Bernstein takes a goal, breaks it into tasks, assigns them to AI coding agents running in parallel, verifies the output, and merges the results. When agents succeed, the janitor merges verified work into main. Failed tasks retry or route to a different model.

### Why deterministic coordination

LLMs write code well. They schedule work across other LLMs badly. Most agent orchestrators use an LLM as the coordinator and hit the same failure modes: non-reproducible plans, silent coordination drift, token burn on meta-decisions a 200-line event loop does reliably. Bernstein inverts that. One LLM call upfront decomposes the goal; after that, scheduling, worktree isolation, quality gates, and HMAC-chained audit replay are all deterministic Python. Every run is bit-identically replayable.

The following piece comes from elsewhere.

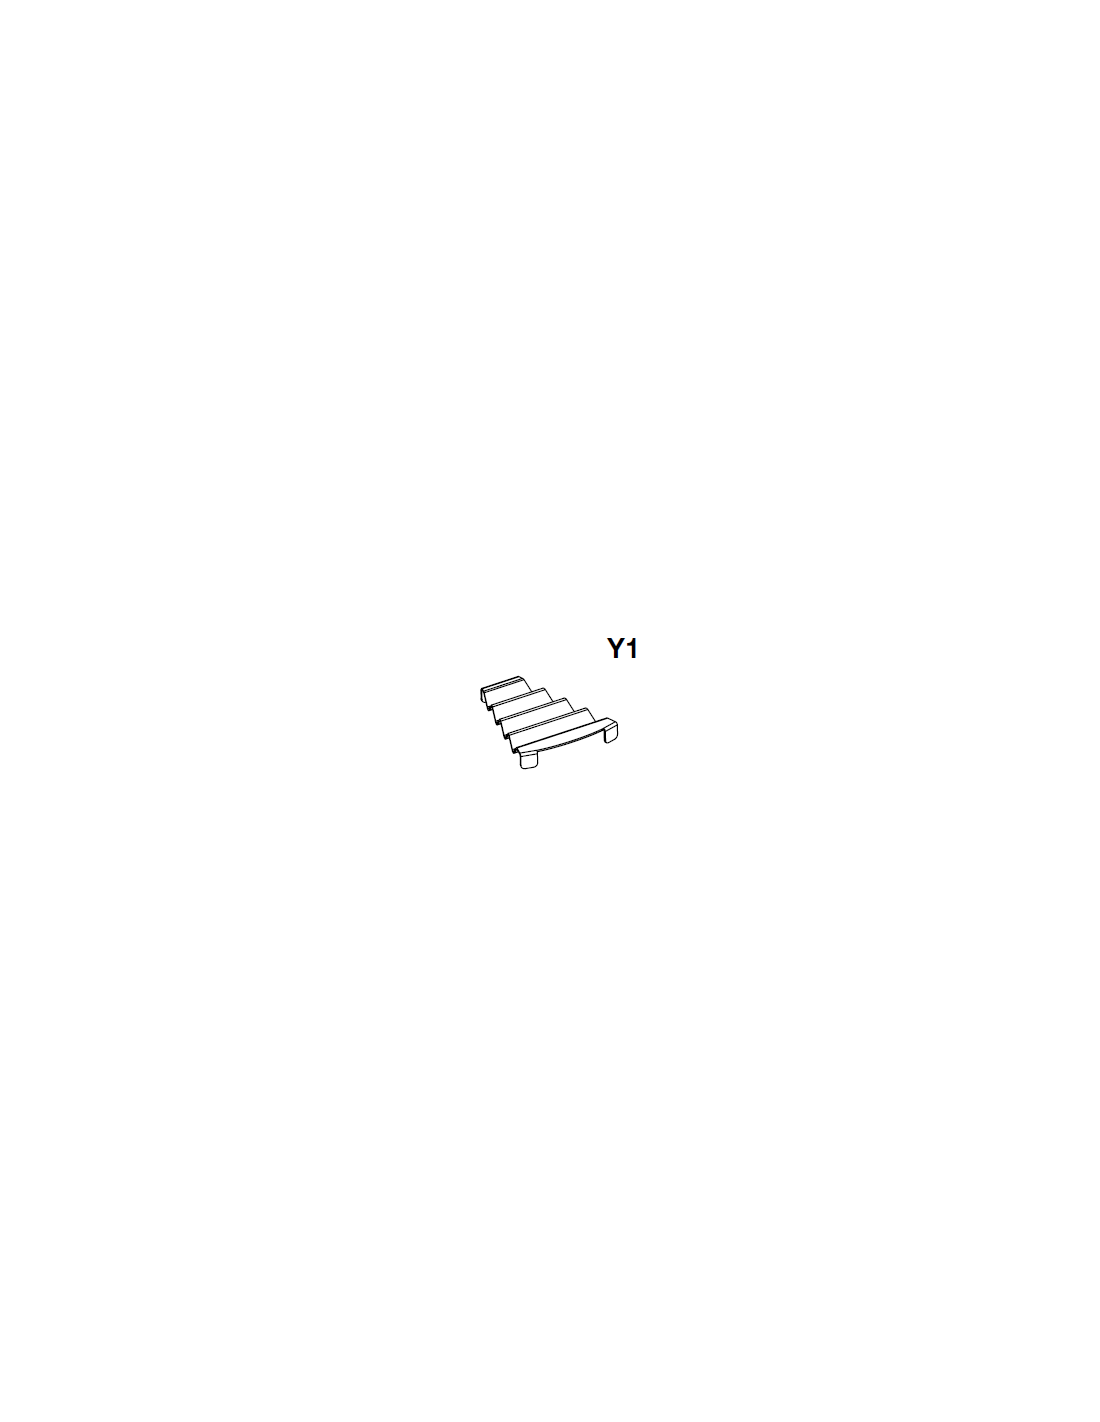 Accessorio in metacrilato trasparente sagomato a gradinata per esporre le praline (da inserire nel vassoio Y)

No framework to learn. No vendor lock-in. Agents are interchangeable workers. Swap any agent, any model, any provider.

```bash
pipx install bernstein
cd your-project && bernstein init
bernstein -g "Add JWT auth with refresh tokens, tests, and API docs"
```

```
$ bernstein -g "Add JWT auth"
[manager] decomposed into 4 tasks
[agent-1] claude-sonnet: src/auth/middleware.py  (done, 2m 14s)
[agent-2] codex:         tests/test_auth.py      (done, 1m 58s)
[verify]  all gates pass. merging to main.
```

Also available via `pip`, `uv tool install`, `brew`, `dnf copr`, and `npx bernstein-orchestrator`. See [install options](#install).

## Supported agents

Bernstein auto-discovers installed CLI agents. Mix them in the same run. Cheap local models for boilerplate, heavier cloud models for architecture.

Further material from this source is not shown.